しかし、これが母が目を開けた最後の瞬間になった。

4時間の手術の最中はただ祈ることしかできなかった。この先のことを考えることすらも怖くて、とにかく父と妹に早く日本へ来てもらいたかった。

4時間後、無事に手術は成功し、一命を取りとめた。あとは母の意識が戻るのを待つだけだった。

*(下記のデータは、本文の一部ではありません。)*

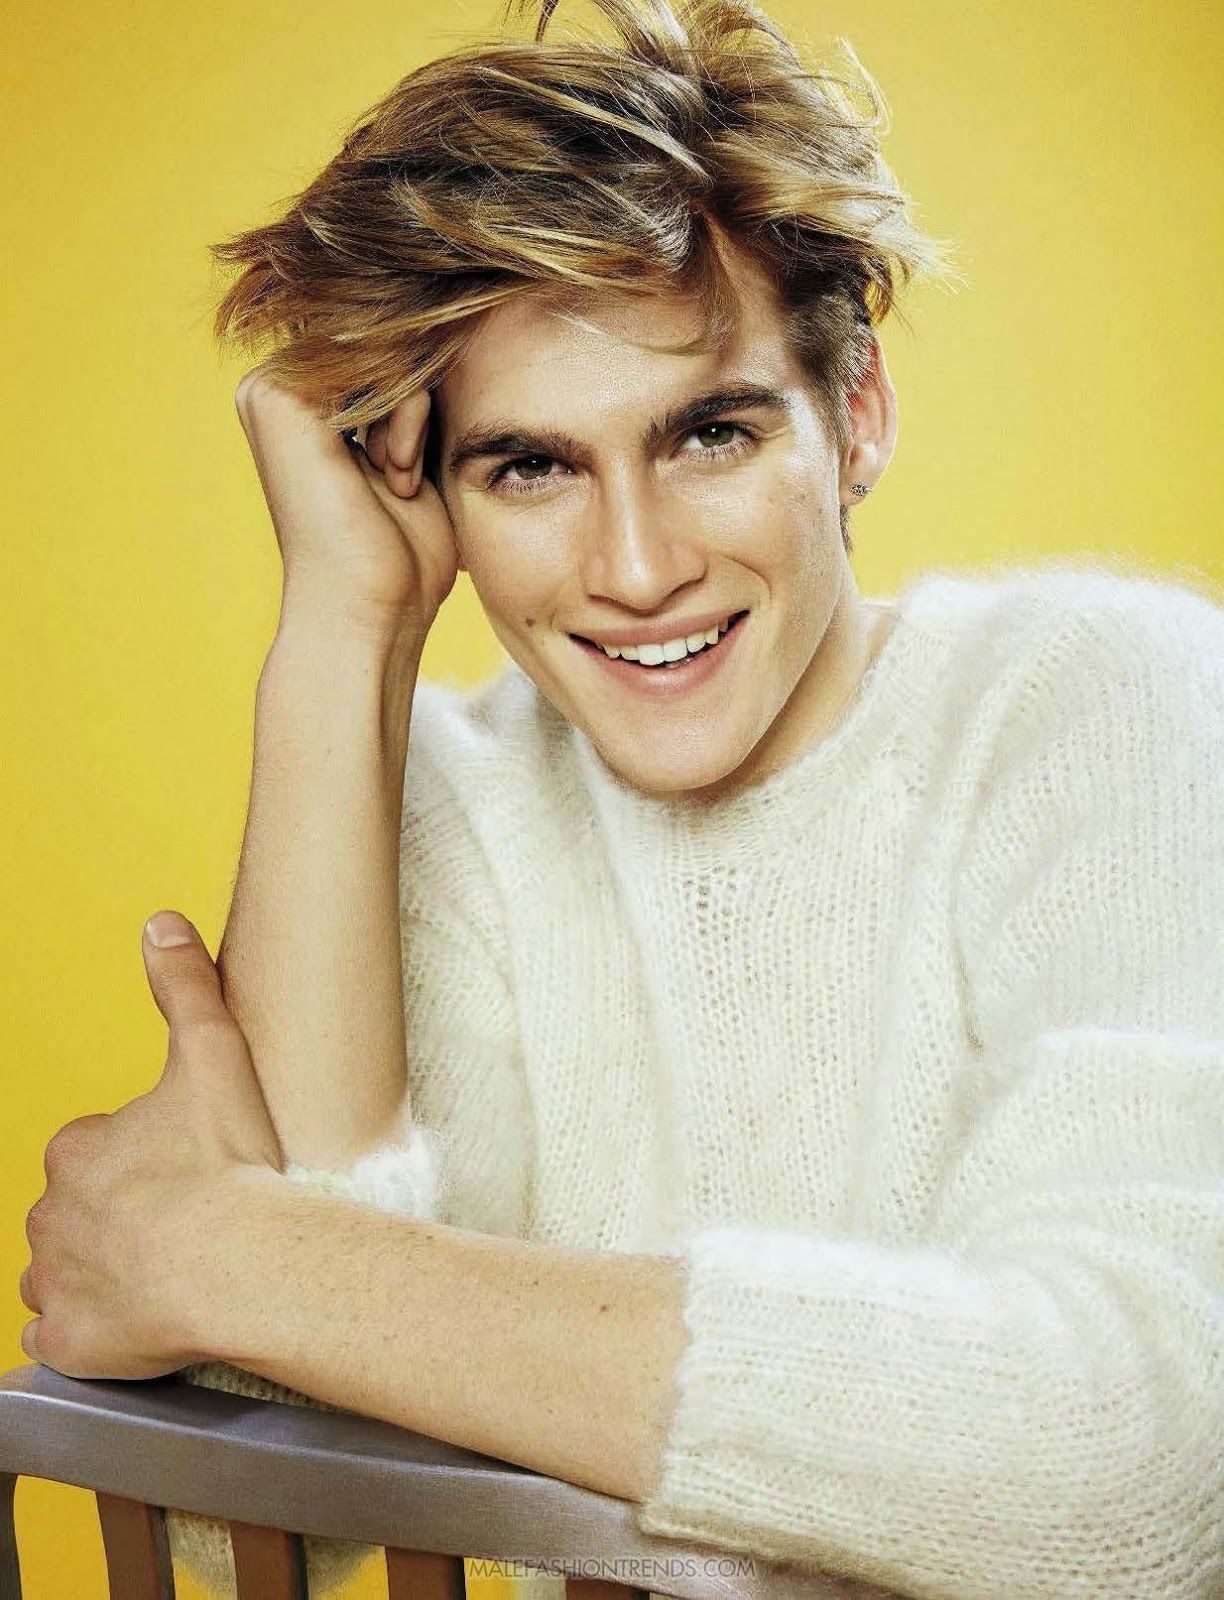 Presley Gerber- Male models with blonde hair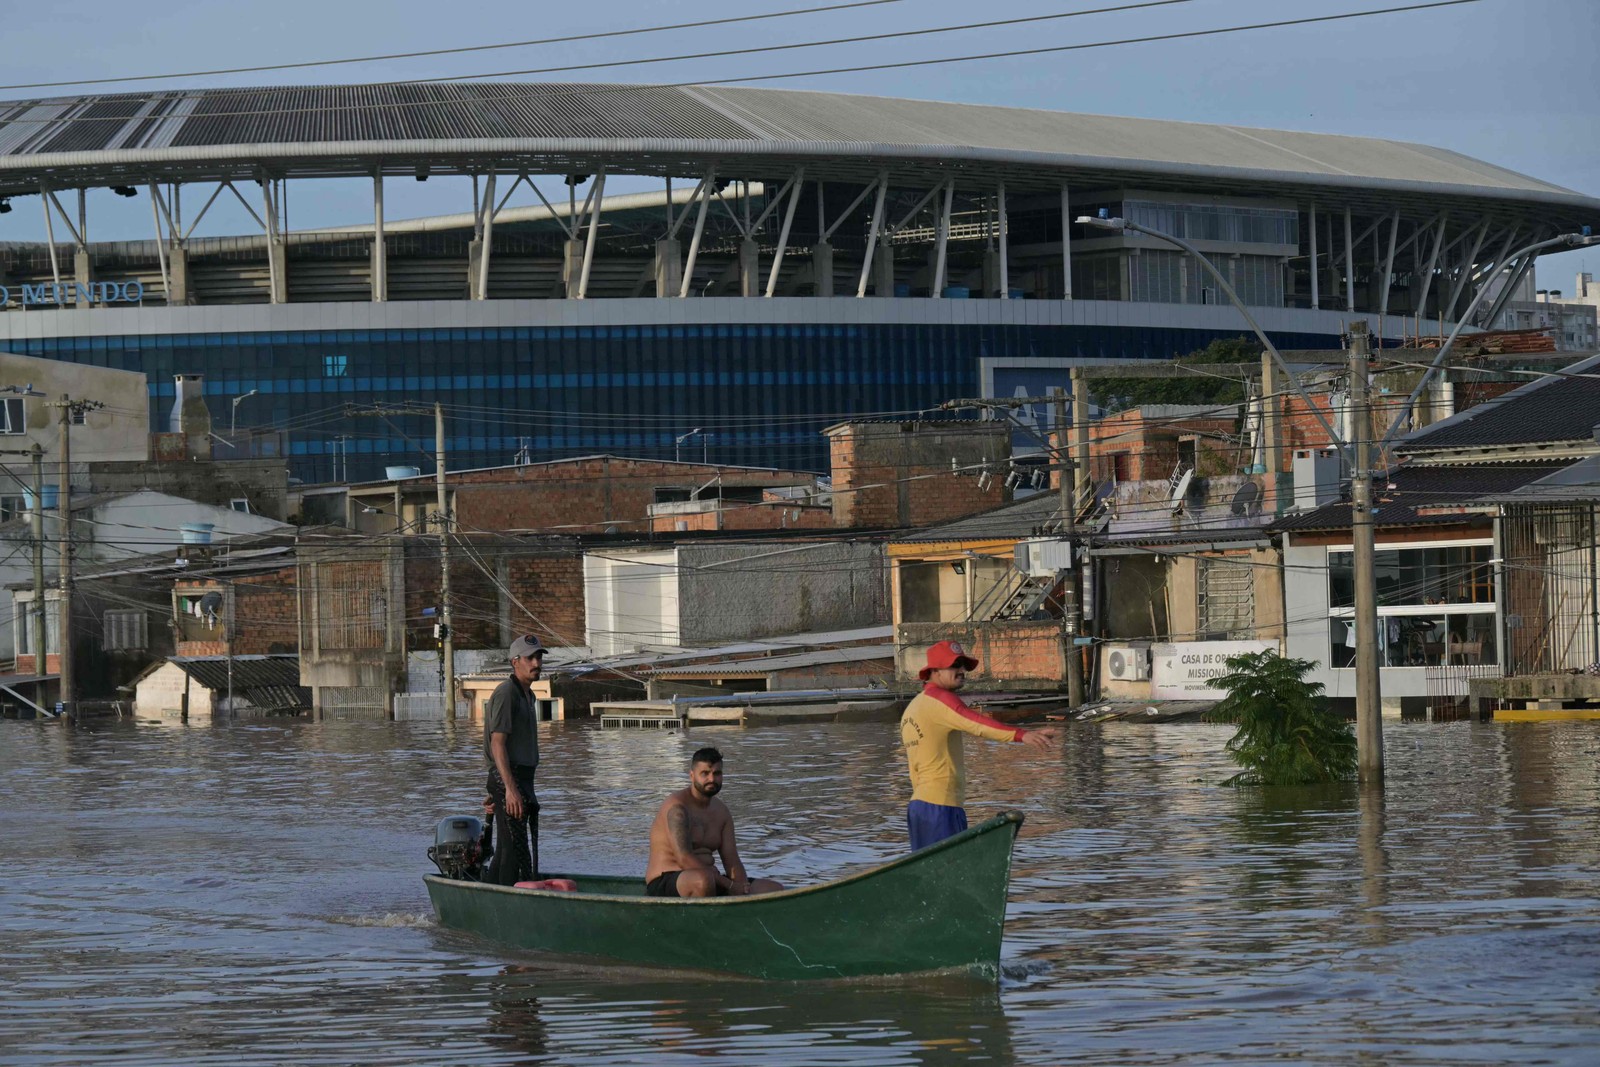 Equipes de resgate navegam de barco em busca de pessoas no bairro Humaitá, em Porto Alegre, Rio Grande do Sul — Foto: NELSON ALMEIDA / AFP

これからはリハビリ生活になるのかな。意識が早く戻るといいな。

そんなことを考えていた矢先だった。

手術を終えた30分後、病院から電話がかかってきた。

脳浮腫が薬だけでは抑えきれず、もう一つ脳に管を入れてもいいかという確認の電話だった。

そしてまた、すぐに病院へ呼ばれた。

先生は母の瞳孔が両目とも開いてしまった、と私に伝えた。信じたくなかった。

手術の影響で脳の腫れが急速に起こり、管を通したもの、潰れてしまい
脳の圧迫で脳幹が傷ついてしまったということだった。

それは「脳死」を物語っていた。

先生はもう長くは持たないから、大切な人は来てもらったほうがいいと伝えた。

絶望的な瞬間だった。

面会を許してくれた病院で私は、初めて母の術後の姿を見た。

どれだけ声をかけても応答しない母。
頭は傷だらけで、顔も手も浮腫んでいた。
でも、手はまだ温かかった。

母の心臓はまだ動いていることが心電図モニターで確認できると、
まだ生きている、そう思えた。

奇跡を信じたいと初めて心から思った。

その日の夜は、一人で眠れなかった。

いつ鳴ってもおかしくない電話と
家族を失いたくない不安でおかしくなりそうだった。

夜が明けて起きた瞬間、今までのことが夢ではなかったことに
また苦しくなった。

翌朝、また面会のために病院へ向かった。

止まらない涙を流しながら、母の手を握ることしかできなかった。

この時くらいに気がつき始めたのが、
私は悲しみを他人と分かち合うことが下手くそで、
いつも母と二人になりたい、と思うのであった。

誰かが泣いているのを見ると、
どこか冷静になってしまう自分が増えていた。

それとともに、自分の中で感じている孤独が大きくなっていった。